Dear Editor,
Hepatic mucinous cystic neoplasms represent a challenging pathology due to their very low frequency, insidious presentation and unclear demography due to the limited cases reported to date. Surgical treatment is mandatory when possible to prevent recurrence and malignant transformation 1,2,3. The case presented herein has a peculiarity, mainly an increased level of CA 19-9 which has not been previously reported.
Case report
A 26-year-old female with a recurrent hepatic cyst and persistent abdominal pain had undergone two previous surgical interventions due to the cyst. Laboratory findings showed an increased level of CA 19-9 (94.6 U/ml); the rest of parameters, including liver function tests and blood count, were within the normal limits. An abdominal computed tomography (CT) scan revealed a hepatic cystic lesion of 176 x 297 x 208 mm in the left hepatic lobe, with an irregular and thickened wall and the presence of internal septa.

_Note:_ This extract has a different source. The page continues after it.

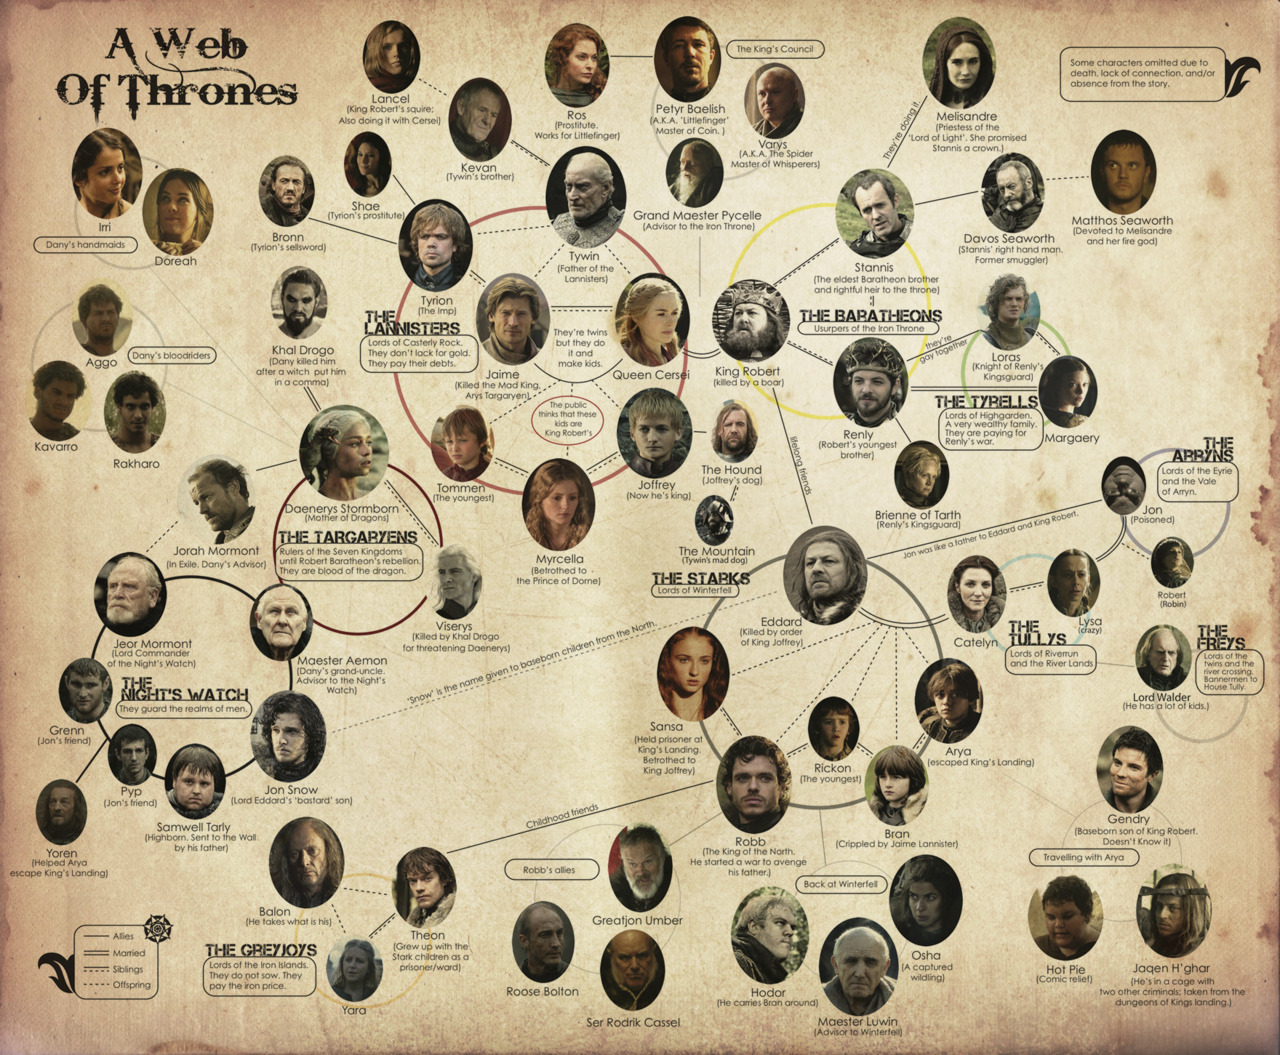 A-Web-of-Thrones-game-of-thrones-30670278-1280-1055.jpg

The patient underwent a left hemihepatectomy with the following intraoperatory findings: hepatic cyst which involved the II, III and IV segments. The histopathological study reported a hepatobiliary cystadenoma with mucinous epithelium and the presence of ovarian-like stroma. The patient was discharged three days after surgery.
Discussion
Due to the initial suspicion, it was possible to establish the recommended treatment, which resulted in a remission of the symptoms and a recurrence free period of 12 months. Thus, this diagnosis must be taken into account in any patient with a recurrent hepatic cyst after surgical treatment. An imaging test, preferably a CT or magnetic resonance imaging (MRI), should be performed not only for their diagnostic value but also to aid the surgical plan. We also recommend to routinely measure CA 19-9 levels as this has been shown to be a valuable marker for the differential diagnosis with other hepatic cystic lesions.